(RECORD EXCERPTS Opens)
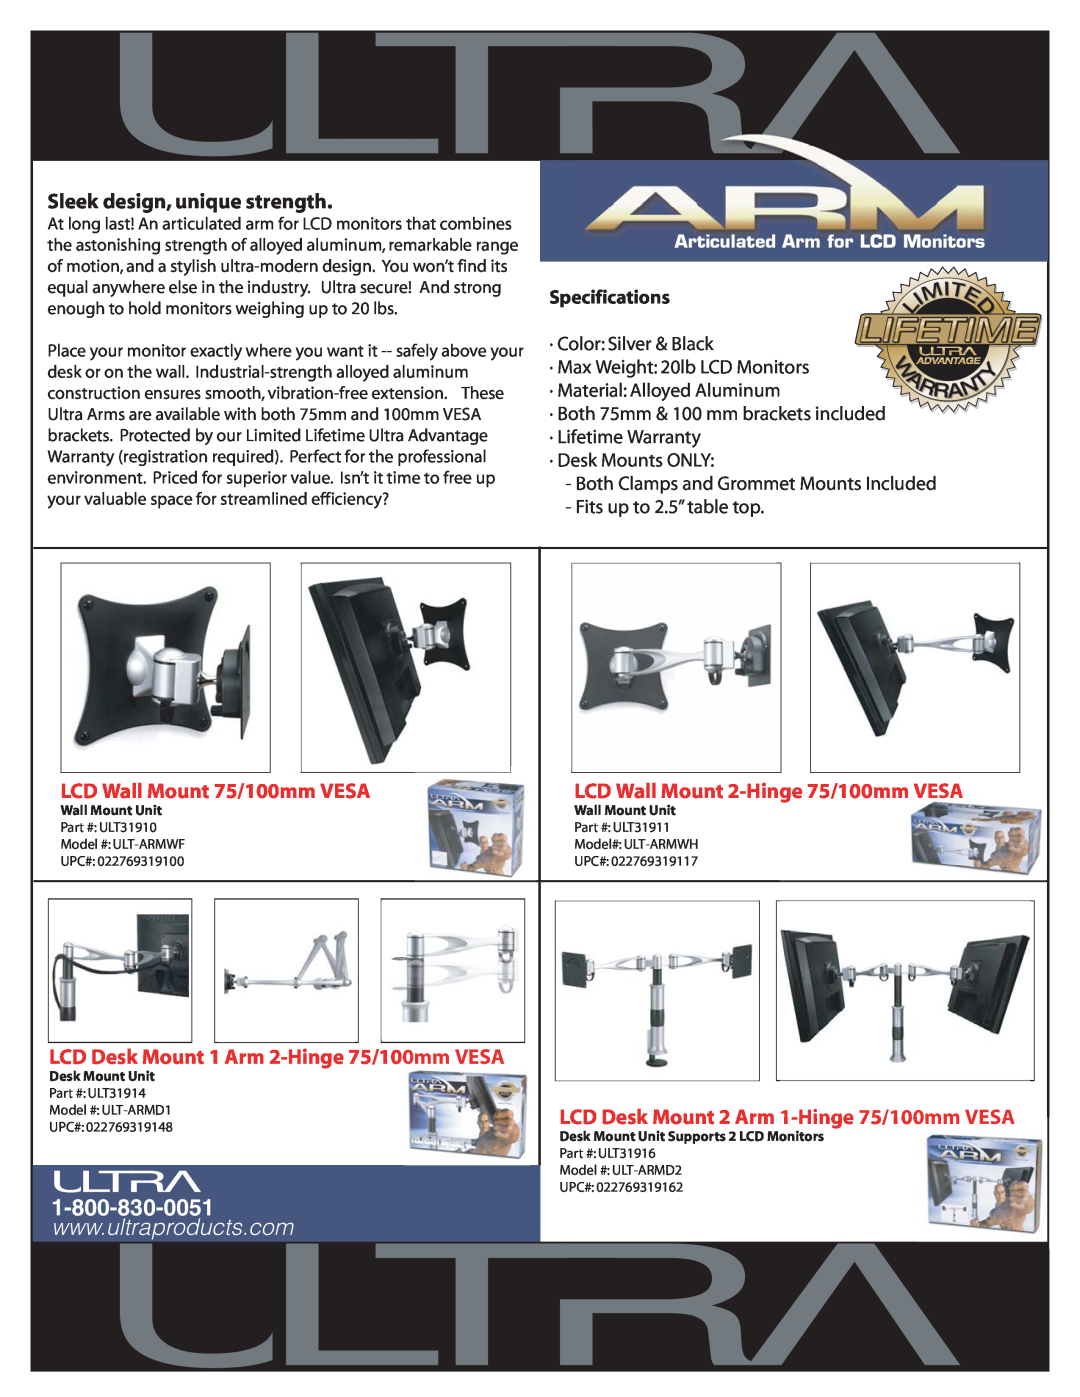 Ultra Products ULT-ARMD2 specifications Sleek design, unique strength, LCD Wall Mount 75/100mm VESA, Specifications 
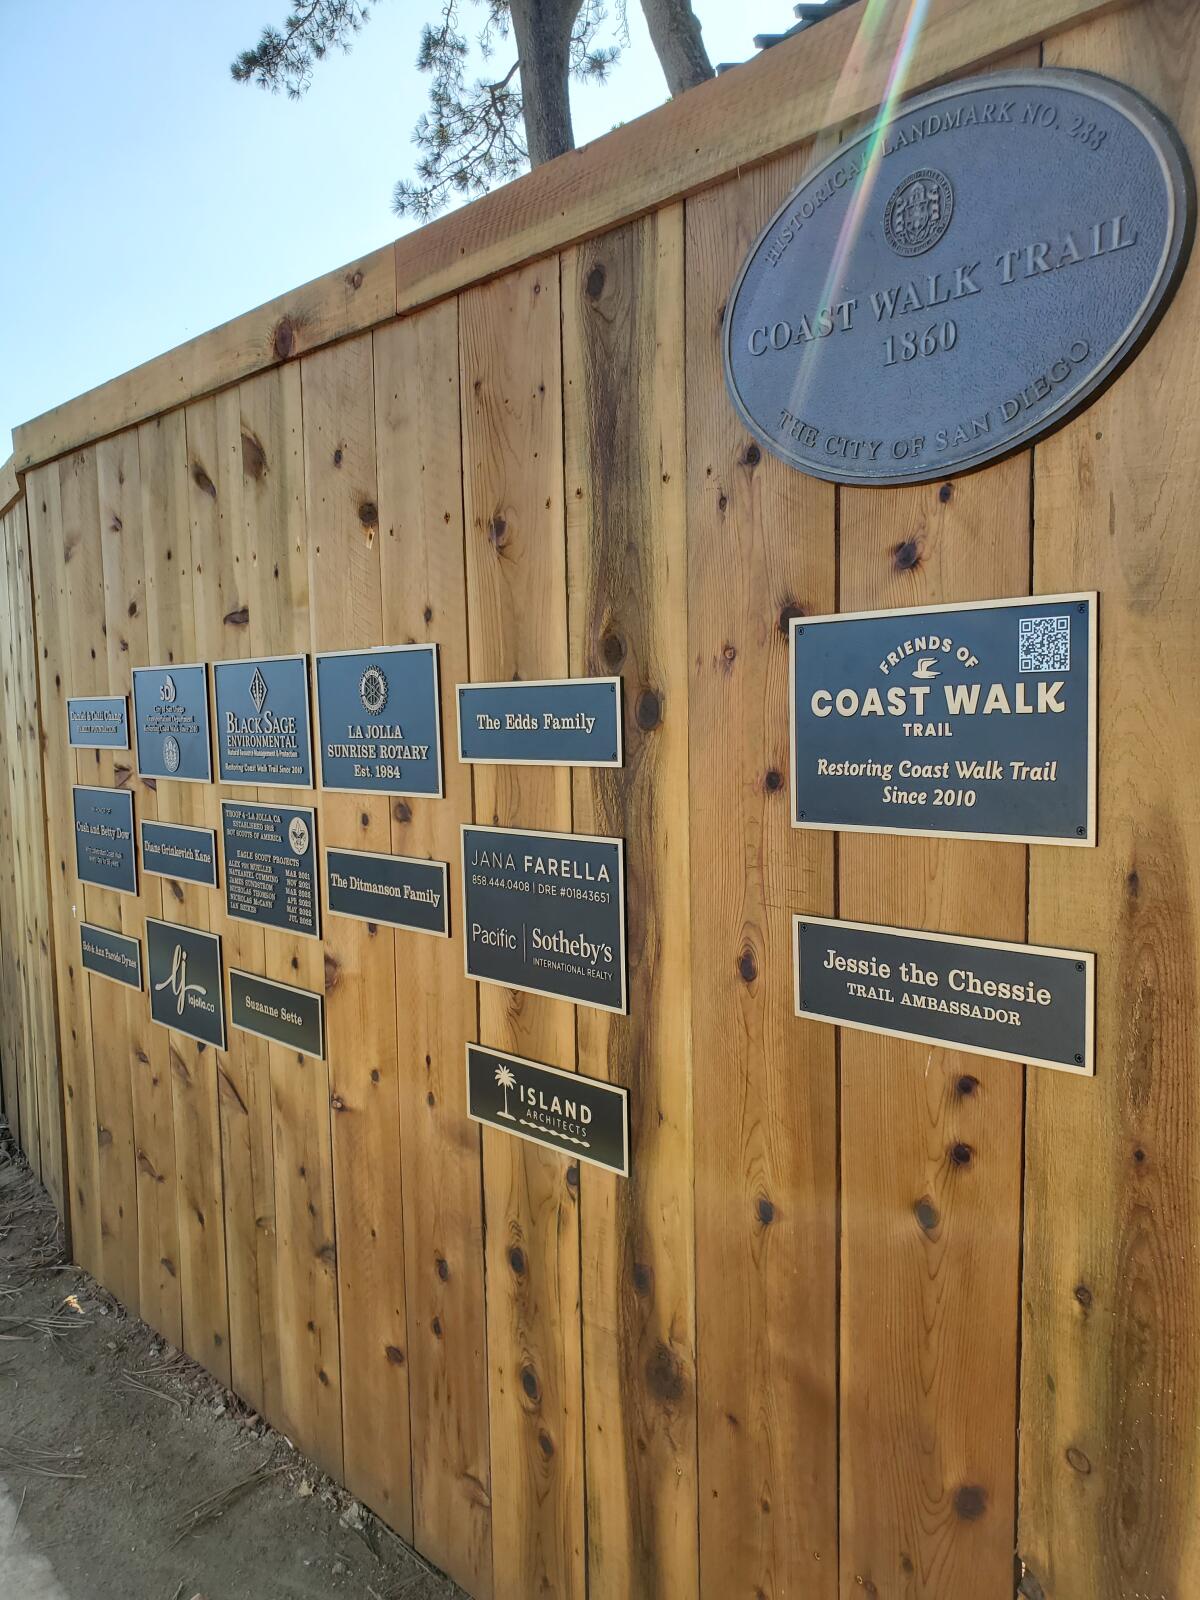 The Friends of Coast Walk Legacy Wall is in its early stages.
(RECORD EXCERPTS Closes)
(RECORD EXCERPTS Opens)
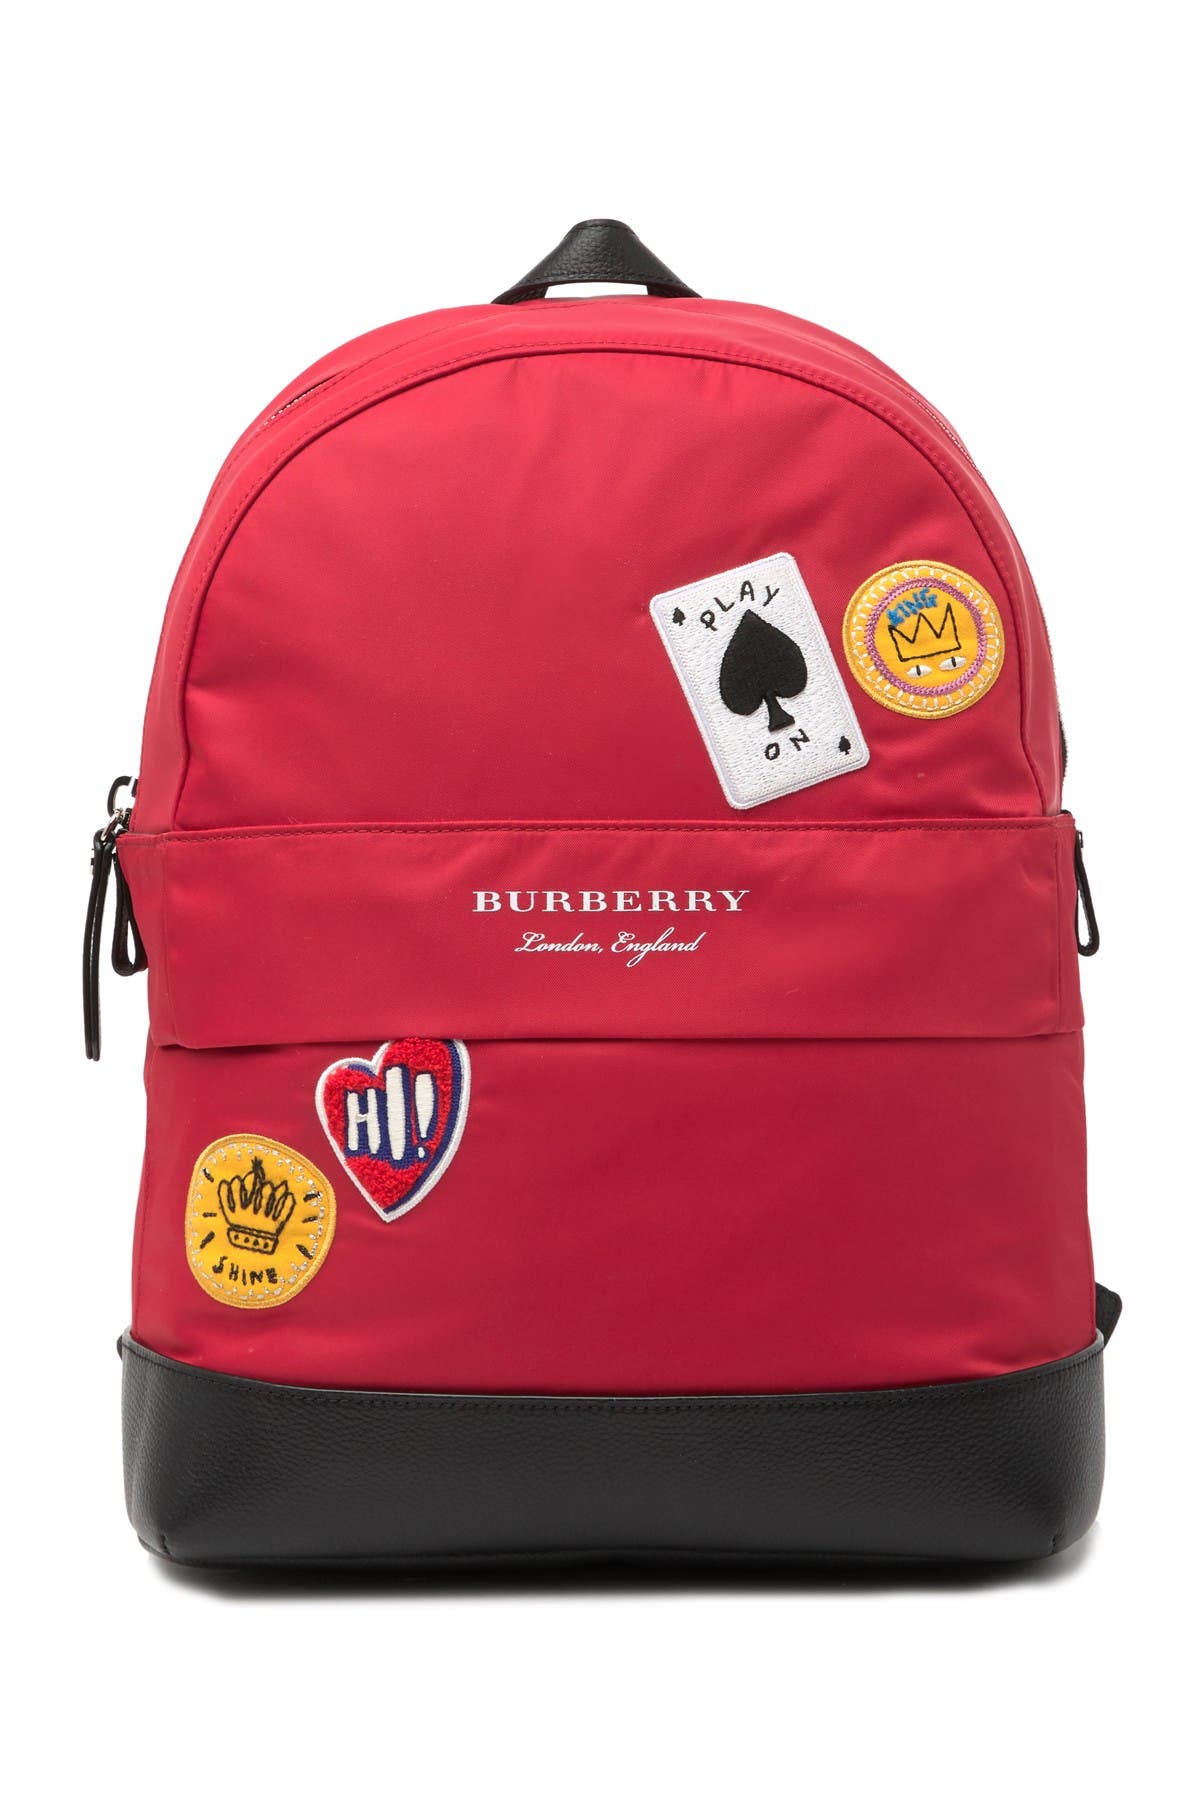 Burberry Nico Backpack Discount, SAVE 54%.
(RECORD EXCERPTS Closes)
WHAT TO DO
Above are some records; extract exactly the lines from the one containing "Ultra Products ULT-ARMD2" through the one containing "The Friends of" and drop the pictures.

COMPLETED EXERCISE
 Ultra Products ULT-ARMD2 specifications Sleek design, unique strength, LCD Wall Mount 75/100mm VESA, Specifications 
 The Friends of Coast Walk Legacy Wall is in its early stages.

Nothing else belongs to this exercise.